_Problem description:_
Each record below should be given again exactly as it reads.

_Supplied entries:_
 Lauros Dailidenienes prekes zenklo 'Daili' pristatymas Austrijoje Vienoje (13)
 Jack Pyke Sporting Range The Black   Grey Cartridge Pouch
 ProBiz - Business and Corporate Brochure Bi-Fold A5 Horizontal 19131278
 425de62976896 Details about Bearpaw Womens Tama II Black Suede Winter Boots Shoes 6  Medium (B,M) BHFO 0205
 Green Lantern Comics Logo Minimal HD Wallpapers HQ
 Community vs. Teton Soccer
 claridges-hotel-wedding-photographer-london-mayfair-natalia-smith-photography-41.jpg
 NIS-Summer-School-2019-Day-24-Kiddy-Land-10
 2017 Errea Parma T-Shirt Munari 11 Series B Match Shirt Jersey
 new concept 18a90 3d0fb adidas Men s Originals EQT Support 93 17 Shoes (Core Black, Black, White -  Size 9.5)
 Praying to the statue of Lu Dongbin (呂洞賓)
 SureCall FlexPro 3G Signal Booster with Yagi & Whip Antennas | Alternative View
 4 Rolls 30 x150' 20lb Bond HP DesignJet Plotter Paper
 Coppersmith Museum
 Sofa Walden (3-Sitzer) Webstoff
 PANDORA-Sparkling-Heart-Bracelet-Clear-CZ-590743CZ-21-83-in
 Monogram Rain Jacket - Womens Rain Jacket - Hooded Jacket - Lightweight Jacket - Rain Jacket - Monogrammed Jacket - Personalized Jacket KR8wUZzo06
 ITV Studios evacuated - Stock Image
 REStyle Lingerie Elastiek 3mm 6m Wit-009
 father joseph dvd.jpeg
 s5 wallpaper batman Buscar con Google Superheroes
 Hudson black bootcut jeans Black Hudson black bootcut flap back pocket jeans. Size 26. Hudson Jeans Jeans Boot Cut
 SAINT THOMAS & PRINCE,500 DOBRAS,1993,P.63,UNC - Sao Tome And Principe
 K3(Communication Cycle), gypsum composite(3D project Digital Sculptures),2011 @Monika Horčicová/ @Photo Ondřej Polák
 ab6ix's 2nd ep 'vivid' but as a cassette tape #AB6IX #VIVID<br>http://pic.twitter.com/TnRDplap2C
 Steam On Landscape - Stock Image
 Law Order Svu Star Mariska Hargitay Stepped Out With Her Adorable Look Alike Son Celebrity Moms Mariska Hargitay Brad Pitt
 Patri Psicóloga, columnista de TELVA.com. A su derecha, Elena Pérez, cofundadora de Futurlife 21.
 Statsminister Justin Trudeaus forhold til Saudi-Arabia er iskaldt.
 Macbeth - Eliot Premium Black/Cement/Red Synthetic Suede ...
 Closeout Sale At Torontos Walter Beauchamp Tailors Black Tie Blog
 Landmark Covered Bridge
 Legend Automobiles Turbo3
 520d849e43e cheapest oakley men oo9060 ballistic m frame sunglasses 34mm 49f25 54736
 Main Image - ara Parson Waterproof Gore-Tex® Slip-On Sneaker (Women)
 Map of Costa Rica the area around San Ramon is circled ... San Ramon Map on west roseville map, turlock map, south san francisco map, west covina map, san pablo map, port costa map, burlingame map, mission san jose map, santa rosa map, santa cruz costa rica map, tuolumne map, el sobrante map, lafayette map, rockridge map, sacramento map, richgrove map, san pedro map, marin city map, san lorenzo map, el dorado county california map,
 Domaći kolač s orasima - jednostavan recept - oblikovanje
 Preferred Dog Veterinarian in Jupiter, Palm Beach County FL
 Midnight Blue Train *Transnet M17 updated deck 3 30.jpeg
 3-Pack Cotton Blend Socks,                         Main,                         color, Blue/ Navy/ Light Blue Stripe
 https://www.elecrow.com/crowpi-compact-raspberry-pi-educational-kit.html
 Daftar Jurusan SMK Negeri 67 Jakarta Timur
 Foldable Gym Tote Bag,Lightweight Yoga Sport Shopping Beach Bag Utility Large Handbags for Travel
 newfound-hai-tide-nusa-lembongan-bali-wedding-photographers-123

_Response for this exercise:_
 Lauros Dailidenienes prekes zenklo 'Daili' pristatymas Austrijoje Vienoje (13)
 Jack Pyke Sporting Range The Black   Grey Cartridge Pouch
 ProBiz - Business and Corporate Brochure Bi-Fold A5 Horizontal 19131278
 425de62976896 Details about Bearpaw Womens Tama II Black Suede Winter Boots Shoes 6  Medium (B,M) BHFO 0205
 Green Lantern Comics Logo Minimal HD Wallpapers HQ
 Community vs. Teton Soccer
 claridges-hotel-wedding-photographer-london-mayfair-natalia-smith-photography-41.jpg
 NIS-Summer-School-2019-Day-24-Kiddy-Land-10
 2017 Errea Parma T-Shirt Munari 11 Series B Match Shirt Jersey
 new concept 18a90 3d0fb adidas Men s Originals EQT Support 93 17 Shoes (Core Black, Black, White -  Size 9.5)
 Praying to the statue of Lu Dongbin (呂洞賓)
 SureCall FlexPro 3G Signal Booster with Yagi & Whip Antennas | Alternative View
 4 Rolls 30 x150' 20lb Bond HP DesignJet Plotter Paper
 Coppersmith Museum
 Sofa Walden (3-Sitzer) Webstoff
 PANDORA-Sparkling-Heart-Bracelet-Clear-CZ-590743CZ-21-83-in
 Monogram Rain Jacket - Womens Rain Jacket - Hooded Jacket - Lightweight Jacket - Rain Jacket - Monogrammed Jacket - Personalized Jacket KR8wUZzo06
 ITV Studios evacuated - Stock Image
 REStyle Lingerie Elastiek 3mm 6m Wit-009
 father joseph dvd.jpeg
 s5 wallpaper batman Buscar con Google Superheroes
 Hudson black bootcut jeans Black Hudson black bootcut flap back pocket jeans. Size 26. Hudson Jeans Jeans Boot Cut
 SAINT THOMAS & PRINCE,500 DOBRAS,1993,P.63,UNC - Sao Tome And Principe
 K3(Communication Cycle), gypsum composite(3D project Digital Sculptures),2011 @Monika Horčicová/ @Photo Ondřej Polák
 ab6ix's 2nd ep 'vivid' but as a cassette tape #AB6IX #VIVID<br>http://pic.twitter.com/TnRDplap2C
 Steam On Landscape - Stock Image
 Law Order Svu Star Mariska Hargitay Stepped Out With Her Adorable Look Alike Son Celebrity Moms Mariska Hargitay Brad Pitt
 Patri Psicóloga, columnista de TELVA.com. A su derecha, Elena Pérez, cofundadora de Futurlife 21.
 Statsminister Justin Trudeaus forhold til Saudi-Arabia er iskaldt.
 Macbeth - Eliot Premium Black/Cement/Red Synthetic Suede ...
 Closeout Sale At Torontos Walter Beauchamp Tailors Black Tie Blog
 Landmark Covered Bridge
 Legend Automobiles Turbo3
 520d849e43e cheapest oakley men oo9060 ballistic m frame sunglasses 34mm 49f25 54736
 Main Image - ara Parson Waterproof Gore-Tex® Slip-On Sneaker (Women)
 Map of Costa Rica the area around San Ramon is circled ... San Ramon Map on west roseville map, turlock map, south san francisco map, west covina map, san pablo map, port costa map, burlingame map, mission san jose map, santa rosa map, santa cruz costa rica map, tuolumne map, el sobrante map, lafayette map, rockridge map, sacramento map, richgrove map, san pedro map, marin city map, san lorenzo map, el dorado county california map,
 Domaći kolač s orasima - jednostavan recept - oblikovanje
 Preferred Dog Veterinarian in Jupiter, Palm Beach County FL
 Midnight Blue Train *Transnet M17 updated deck 3 30.jpeg
 3-Pack Cotton Blend Socks,                         Main,                         color, Blue/ Navy/ Light Blue Stripe
 https://www.elecrow.com/crowpi-compact-raspberry-pi-educational-kit.html
 Daftar Jurusan SMK Negeri 67 Jakarta Timur
 Foldable Gym Tote Bag,Lightweight Yoga Sport Shopping Beach Bag Utility Large Handbags for Travel
 newfound-hai-tide-nusa-lembongan-bali-wedding-photographers-123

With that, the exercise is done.